Moreover, the jury’s third question— whether it could find felony murder based solely on actual “facilitating] by aiding,” or whether it must also find that Pulido intended for the robbery to occur — clearly indicates that at least some jurors had' reasonable doubts about the State’s proffered explanation for the fingerprint. If the jury had accepted the prosecutor’s explanation, that Pulido brought the Coke can to the counter as a distraction, it would almost certainly have concluded that Pulido actually intended for the robbery to occur. If Pulido were inside the store during the robbery but did not know his uncle’s plans in advance, however, and Aragon took advantage of the distraction that Pulido incidentally provided when he actually attempted to purchase the Coke, then Pulido would arguably have facilitated the robbery by helping his uncle, without actually intending for the robbery to occur.

Similarly, the State argues that, if the jury believed Pulido carried out the cash register voluntarily, he must have been aiding and abetting the robbery from the beginning. It is certainly plausible, however, that Pulido — a sixteen year old boy who owned a gun, who was to steal a car two weeks later, and who lived with an uncle with a criminal record and a possible crack cocaine addiction, Pulido, 2005 WL 6142229, at *1-*3 — heard the gun shot, *1024realized that his uncle was holding up the gas station, and decided to help.

Jurors are not required to accept one or another proffered explanation of the evidence, but rather are called upon to weigh and evaluate the evidence for themselves in light of the law as explained to them by the court. In this case, the law was explained improperly, and I cannot reasonably conclude that the error did not substantially and injuriously effect the verdict.

II

The instructions allowed for a conviction for felony-murder and a finding of special circumstance robbery-murder even if Pulido became a knowing participant only after the robbery and shooting were completed. The jurors’ questions suggest that at least one juror would have voted to acquit Pulido of felony-murder and special-circumstance charges if the jury had been properly instructed that contemporaneity was a necessary finding. Like the district court, the record in this case leaves me with “grave doubt” as to whether the erroneous instructions had a substantial and injurious effect on the jury’s verdict.

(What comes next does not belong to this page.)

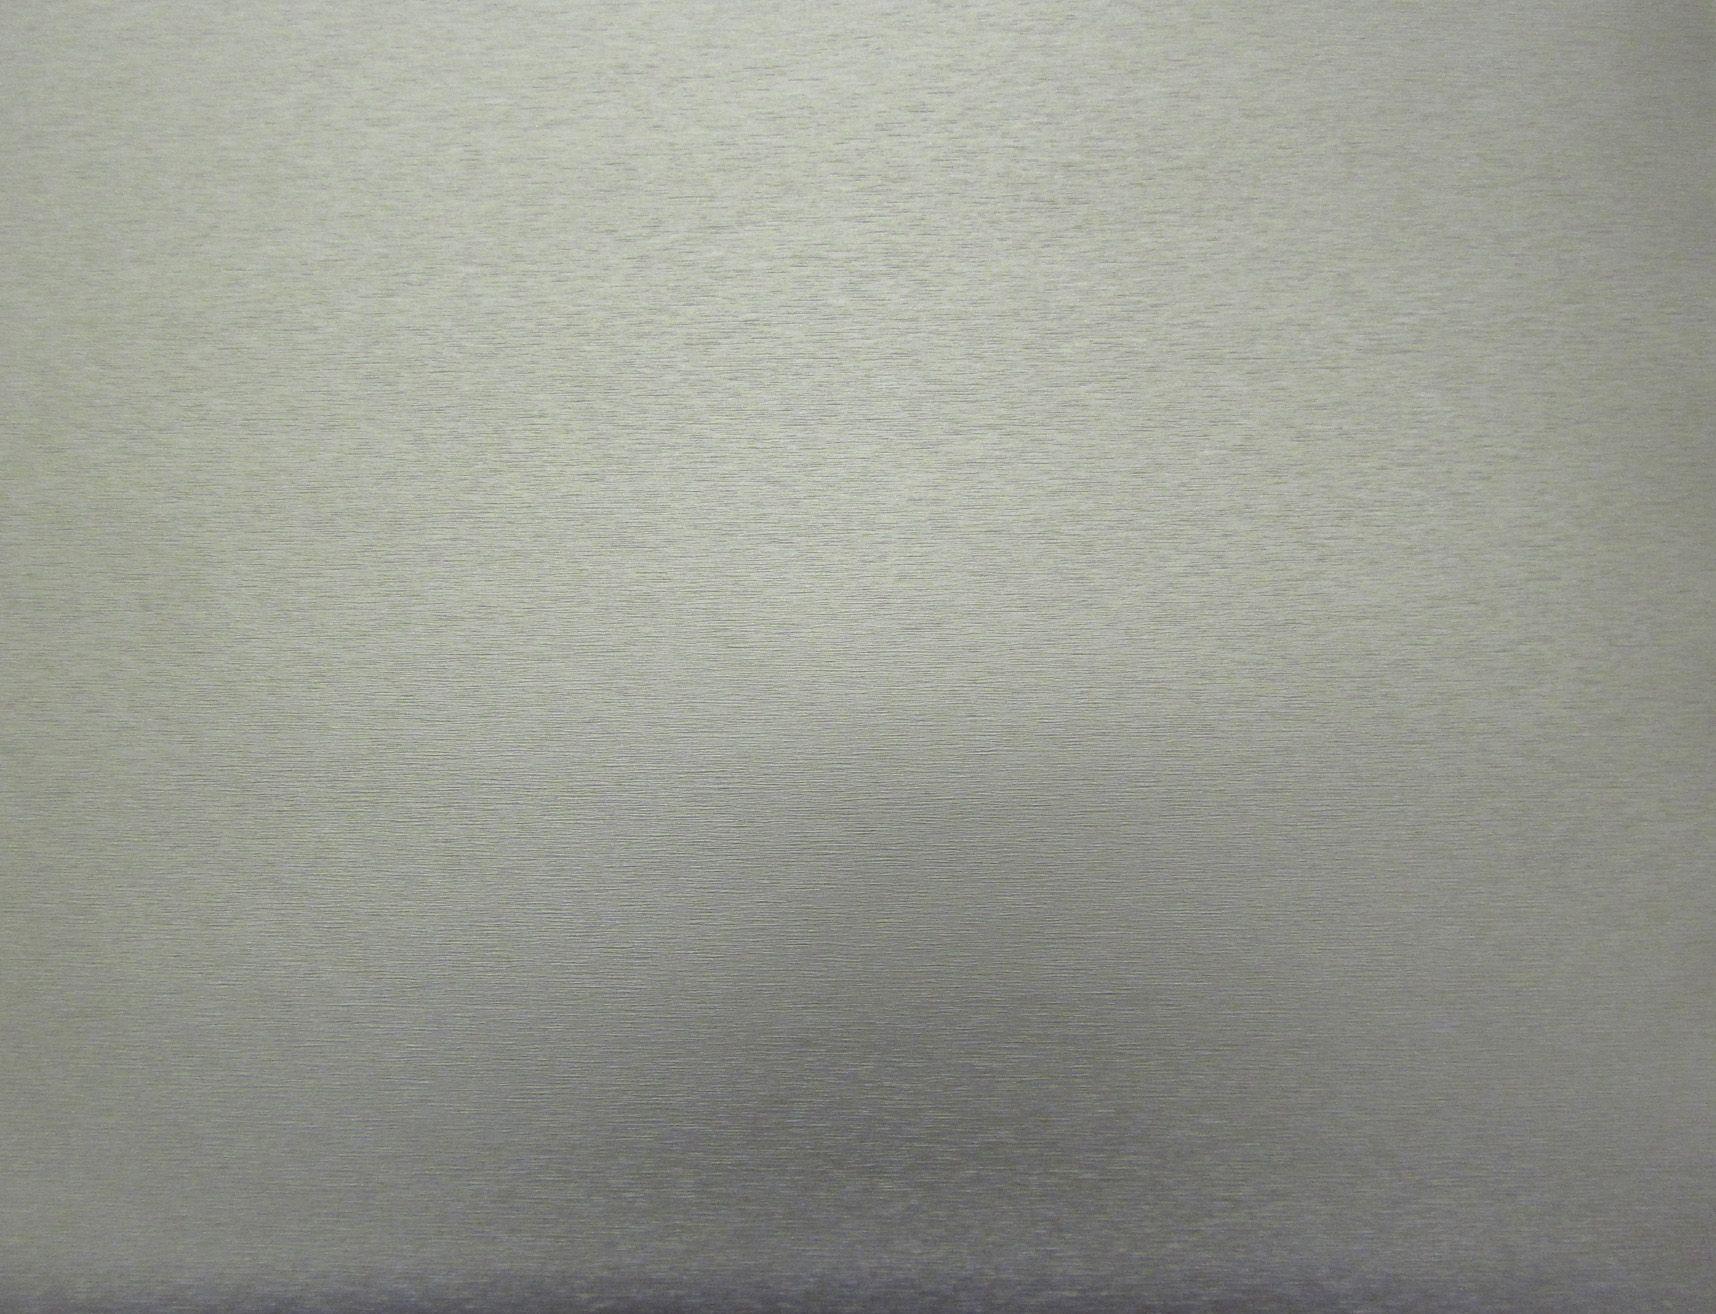 Brushed Aluminum Wallpapers 1716x1314

Accordingly, I respectfully dissent.

. The State argues that it is not reasonably probable that the jury used a post-killing aiding and abetting theory to reach the special circumstance finding. This is a slight misstatement of the Brecht standard. In the face of conflicting evidence and testimony, jurors do not necessarily decide 'what happened' or reach a verdict based on one single narrative of events that they accept as true. See, e.g., CALJIC 8.80.1 (instructing jury in case it is "unable to decide whether the defendant was the actual killer or an aider-and-abettor”). In *1023contemplating different possible scenarios, a jury may find beyond a reasonable doubt that, whatever happened, it fitted into the broad definition of the crime with which the defendant has been charged. The question is not whether some jurors determined that Pulido definitely did not form the intent to join the robbery until after the clerk was killed, but rather how likely it is that they harbored some reasonable alternative theories about the timing, theories which, if properly instructed, they would have known were actually reasonable doubts about Pulido’s guilt of felony murder.

. The special-circumstance verdict read that Pulido “engaged in or was an accomplice of or attempted commission of robbery during the commission of [murder].”